Effectiveness of high-dose glucocorticoids on hemolysis,elevating liver enzymes,and reducing platelets syndrome

Introduction

Hemolysis, elevating liver enzymes, and reducing platelets (HELLP) syndrome is a severe obstetric problem. HELLP syndrome has the main characteristics of hemolysis and increased hepatic enzymes and thrombocytopenia, and is often complicated by gestational hypertension, which poses a threat to the gravida and fetus. The incidence rate of HELLP syndrome is 0.17% to 0.85% during delivery and the mortality rates of gravidas and fetuses/neonates reach up to 23.1% and 56.9%, respectively. ¹ There are no effective protective measures for HELLP syndrome because of the unknown precise pathogenesis. Currently, the main treatment for HELLP syndrome is symptomatic treatment. This treatment includes regular spasmolysis and lowering blood pressure, use of glucocorticoids to treat the patient’s condition and promote fetal lung maturation, proper addition of blood products, rectification of coagulation disorders, and close monitoring of the patient’s condition.

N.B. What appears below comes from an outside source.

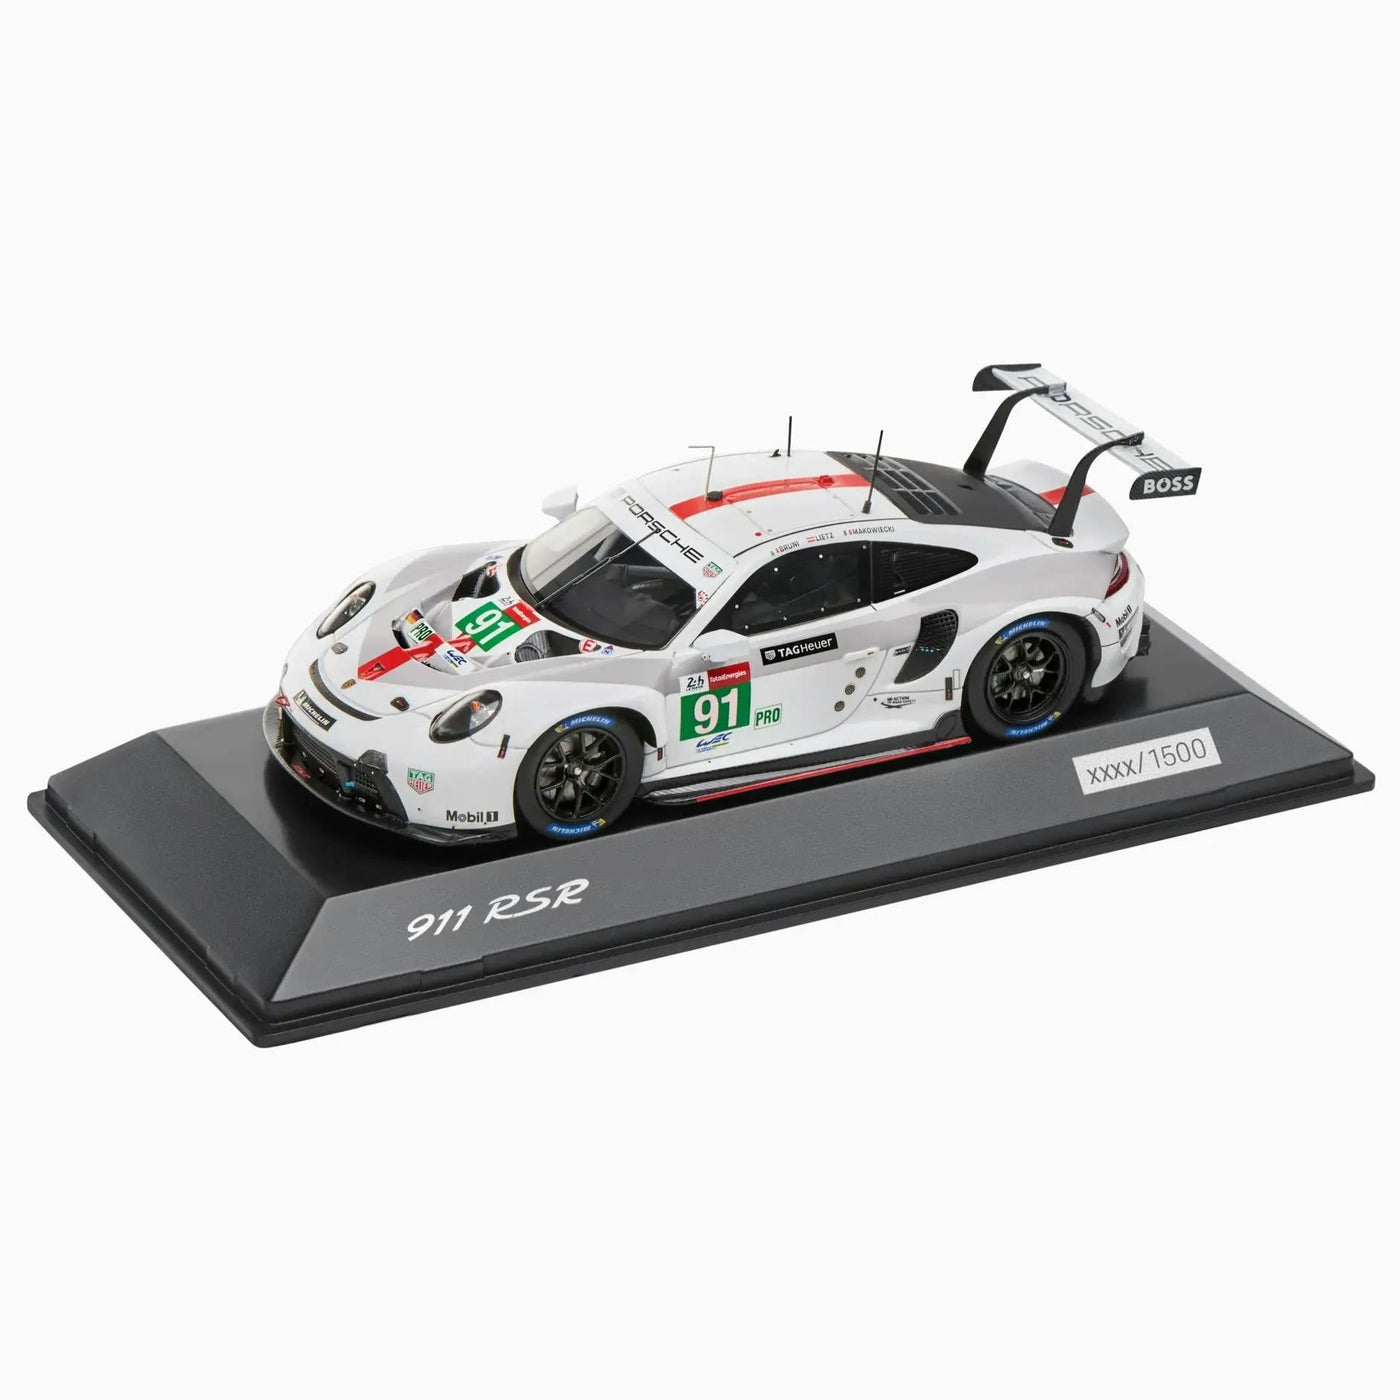 Porsche 911 RSR #91 24h Le Mans 2021 (991) Model Car 1:43 - Grey

Furthermore, evaluation of the fetus’s condition in the uterus and timely termination of pregnancy are performed in HELLP syndrome.^2,3 Among them, glucocorticoids play a vital role in treating HELLP syndrome, but this treatment has been controversial in the past 20 years. Some studies have shown that high-dose hormonotherapy is effective for alleviating the maternal and fetal prognoses and accelerating postnatal recovery. ⁴ However, other random clinical experiments have not found that high-dose hormonotherapy is effective in maternal and fetal prognoses and accelerating postnatal recovery. ⁵ Furthermore, the long-term treatment effectiveness of high-dose hormonotherapy is unknown. Therefore, control studies are required to further ensure the effectiveness and safety of hormones in HELLP syndrome.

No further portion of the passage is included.